The Field of Blood: Set 1 is set in Glasgow, Scotland in the turbulent times of the early 1980's. Paddy Meehan (Jayd Johnson) is a "copy boy" for the local paper, The Daily News, with dreams of being a journalist. Paddy has an eye for a good story and a nose for trouble, so she's perfect for the job.

Her big break comes at the expense of a family tragedy, when a local toddler is kidnapped and murdered, and the prime suspect is a young relative of Paddy's. She is torn because it's a huge scoop, but she can't betray and destroy her family by revealing what she knows, but she inadvertently allows the information to come out and her family shuns her. Still convinced her cousin is innocent, she starts working the case on her own, looking into an old murder that shares close similarities, all the while using her journalist co-worker Heather Allen's (Alana Hood) name, just in case someone checks up on her. As she uncovers more and more evidence, the very real danger inches closer to her. Will she get the chance to write the story that could set her career in motion before the killer sets his sites on her?

The second mystery in the set centers around a series of deaths that could be connected to a volatile local miners' strike. Paddy has finally been given a chance by her brusque Editor-in-Chief Devlin (David Morrissey, The Walking Dead) and she is now a junior reporter working the call car with reporter/office lech McVie (Ford Kiernan). While driving one night, they respond to a police call of a disturbance in a very upscale neighborhood, but the cops tell them everything is alright. Paddy spies a battered woman looking out the window and she and McVie try to get the story, but are turned away by an imposing man who states the famous lawyer who lives there can't hold her liquor and wouldn't want that printed in the paper. The woman, Vhari Burnett, is found brutally murdered the next morning.

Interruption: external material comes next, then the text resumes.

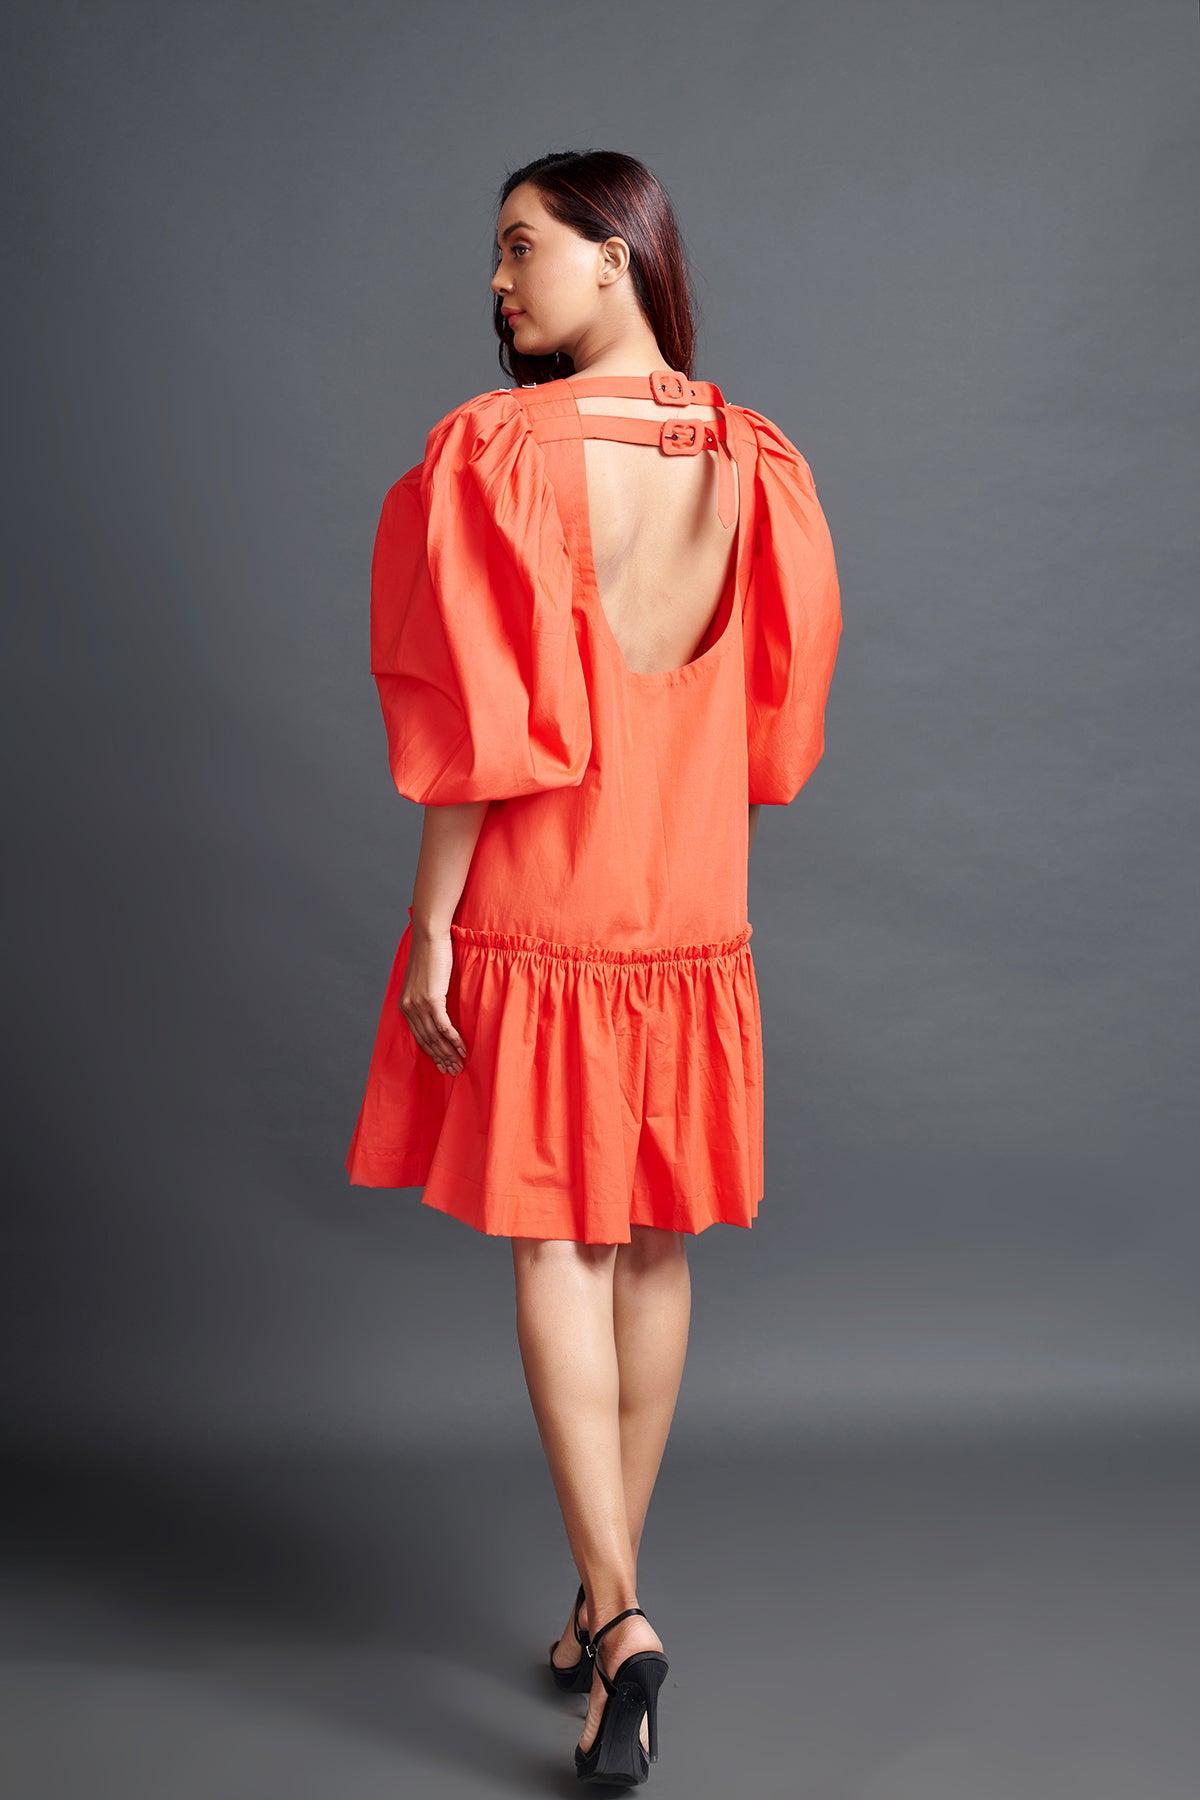 Image of ORANGE GATHERED BACKLESS DRESS IN COTTON BASE WITH CUTWORK EMBROIDERY. From savoirfashions.com

Horrified that she and McVie might have missed a chance to prevent the woman's murder, Paddy starts investigating the case and it seems Burnett may have had ties to the N.U.M. and the miner's strike. What's worse, The Daily News has been sold and a she-devil named Maloney (Katherine Kelly) has replaced Devlin as the Editor-in-Chief and she is making big changes. Devlin is still running the newsroom and is trying to save as many jobs as possible, but Maloney and her bosses want the face of the paper to change and this may force Devlin and the others to put away their need to report important news in lieu of exciting and scandalous stories.

As more people connected to Vhari Burnett either die, go missing, or are injured, Paddy starts to realize that the story is much bigger than she realized and could go up the chain through the police ranks and into the very government itself. Will she, Devlin, and McVie be able to expose the corruption while keeping their jobs and their lives? Maloney just might have something to say about it.

The Field of Blood: Set 1 is a good thriller with enjoyable and multi-layered characters. I really liked watching Paddy transform from a tentative, but still ballsy reporter wannabe to a true force to be reckoned with by the end. It's fun to see what Glasgow was like in the early 80's, complete with a banging rock soundtrack that sometimes reminded me of The Clash. The hairstyles, clothes, misogyny, and especially the prolific plumes of cigarette smoke all felt like a very genuine representation of what a teeming newsroom and its denizens might look like during this time period. I typically don't gravitate towards political or news-related drama, but the thriller side to this series intrigued me and I am glad I watched it. Even though the only special feature is a Photo Gallery, if you like a good thriller glazed with the delightful accents of the Scottish, check out The Filed of Blood: Set 1.